Still on politics, the Guardian is also among the papers reporting the Government´s crackdown on 'hidden' waiting lists. The health secretary, Andrew Lansley, has pledged that hospitals could face significant fines if they do not help those waiting beyond 18 weeks for treatment. Latest figures reveal that nearly 250,000 people were waiting at least 18 weeks from GP referral to treatment - around 10% of the total waiting for treatment.

Most of the papers carry the story that 'posh' salt is no better for you than table salt. The Daily Mail says it can also be 19 times more expensive. A study by the Consensus Action on Salt and Health analysed seven salt products available from supermarkets and online, a selection of rock and sea salts and one table salt. But 'posh' salts - contained almost as much sodium chloride and were therefore just as potentially damaging to health as  table salt despite claims that they are better for you as they contain minerals and are 'natural', the paper says.

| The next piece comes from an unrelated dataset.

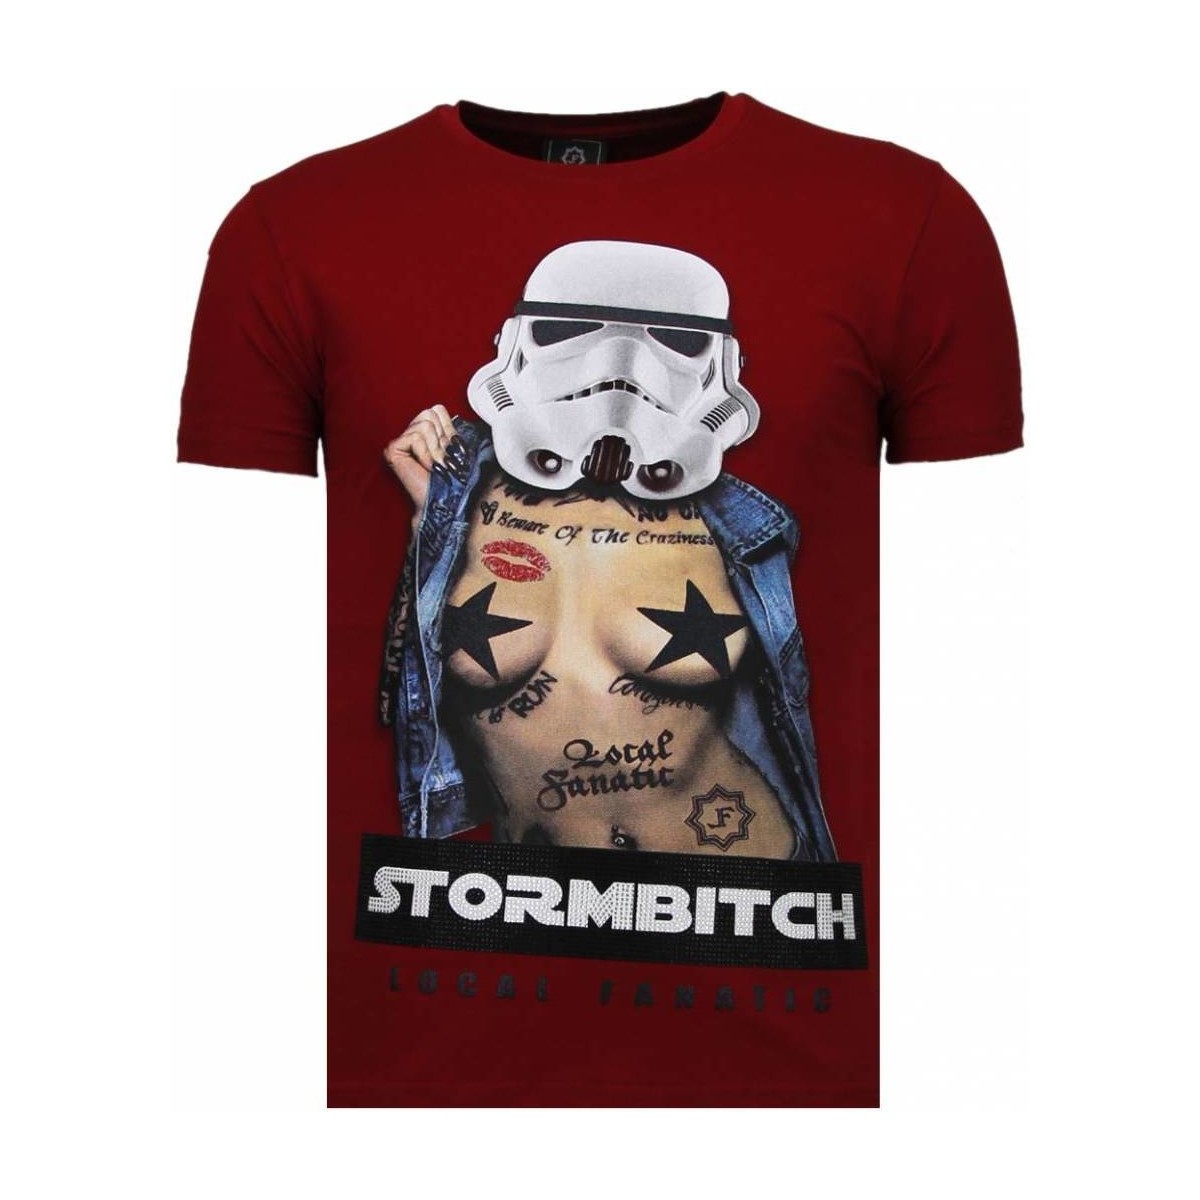 Textiel Heren T-shirts korte mouwen Local Fanatic Stormbitch Rhinestone Rood

The other health story in most of todays papers is that one in 12 adolescents self harm. According to the Daily Telegraph, nine out of ten self-harmers grow out of the problem by the time they are 20. British and Australian researchers questioned 1,800 Australian 14-year-olds about self-harming at nine stages, ending in their late twenties. They found that most teenage self-harmers began cutting, burning or otherwise causing themselves serious hurt at the age of 14 or 15, and that by their 20s nine out of ten ten had stopped doing so.